1. A circle is centered at the point (2, 3) and passes through the point (6, 1). Find the equation of the circle.
2. A circle is centered at the point (-1, 2) and passes through the point (4, -3). Find the equation of the circle.

Answer Key

1. (x - 2)^2 + (y - 3)^2 = 25
2. (x + 1)^2 + (y - 2)^2 = 25

Discussion

This article has provided a step-by-step guide on how to find the equation of a circle given its center and a point that lies on the circle. The general equation of a circle and the distance formula were used to find the radius of the circle. The equation of the circle was then written using the center and radius.

Related Topics

• The equation of a circle in standard form
• The equation of a circle in general form
• The distance formula
• The midpoint formula

Glossary

• Center: The point that is equidistant from all points on the circle.
• Radius: The distance between the center and any point on the circle.
• Equation of a circle: A mathematical representation of the shape and size of a circle.
  Frequently Asked Questions (FAQs) about the Equation of a Circle ====================================================================

Q: What is the general equation of a circle?

A: The general equation of a circle is given by:

(x - h)^2 + (y - k)^2 = r^2

where (h, k) is the center of the circle and r is the radius.

Q: How do I find the center and radius of a circle?

A: To find the center and radius of a circle, you need to know two points that lie on the circle. You can use the distance formula to find the distance between the two points, and then use that distance as the radius.

Q: What is the distance formula?

A: The distance formula is given by:

d = √((x2 - x1)^2 + (y2 - y1)^2)

where (x1, y1) and (x2, y2) are the two points.

Q: How do I write the equation of a circle?

A: To write the equation of a circle, you need to know the center (h, k) and the radius r. You can then plug these values into the general equation of a circle:

(x - h)^2 + (y - k)^2 = r^2

Q: What is the difference between the standard form and general form of the equation of a circle?

A: The standard form of the equation of a circle is given by:

(x - h)^2 + (y - k)^2 = r^2

where (h, k) is the center of the circle and r is the radius.

The general form of the equation of a circle is given by:

Ax^2 + Ay^2 + Bx + Cy + D = 0

where A, B, C, and D are constants.

Q: How do I convert the general form of the equation of a circle to the standard form?

A: To convert the general form of the equation of a circle to the standard form, you need to complete the square. This involves rearranging the terms and adding and subtracting constants to create a perfect square trinomial.

Q: What is the significance of the center and radius of a circle?

A: The center and radius of a circle are important because they determine the shape and size of the circle. The center is the point that is equidistant from all points on the circle, and the radius is the distance between the center and any point on the circle.

Q: How do I find the equation of a circle given its center and a point that lies on the circle?

A: To find the equation of a circle given its center and a point that lies on the circle, you need to use the general equation of a circle and the distance formula. You can then plug in the values of the center and the point to find the equation of the circle.

Q: What are some common applications of the equation of a circle?

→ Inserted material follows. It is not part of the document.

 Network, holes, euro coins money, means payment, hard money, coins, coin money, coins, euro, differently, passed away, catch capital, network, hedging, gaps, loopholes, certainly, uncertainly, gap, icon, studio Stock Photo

A: The equation of a circle has many common applications in mathematics and science, including:

• Geometry and trigonometry
• Physics and engineering
• Computer graphics and game development
• Statistics and data analysis

Q: How do I use the equation of a circle in real-world problems?

A: The equation of a circle can be used to solve a variety of real-world problems, including:

• Finding the distance between two points
• Calculating the area and circumference of a circle
• Determining the equation of a circle given its center and a point that lies on the circle
• Solving problems involving circles in geometry and trigonometry.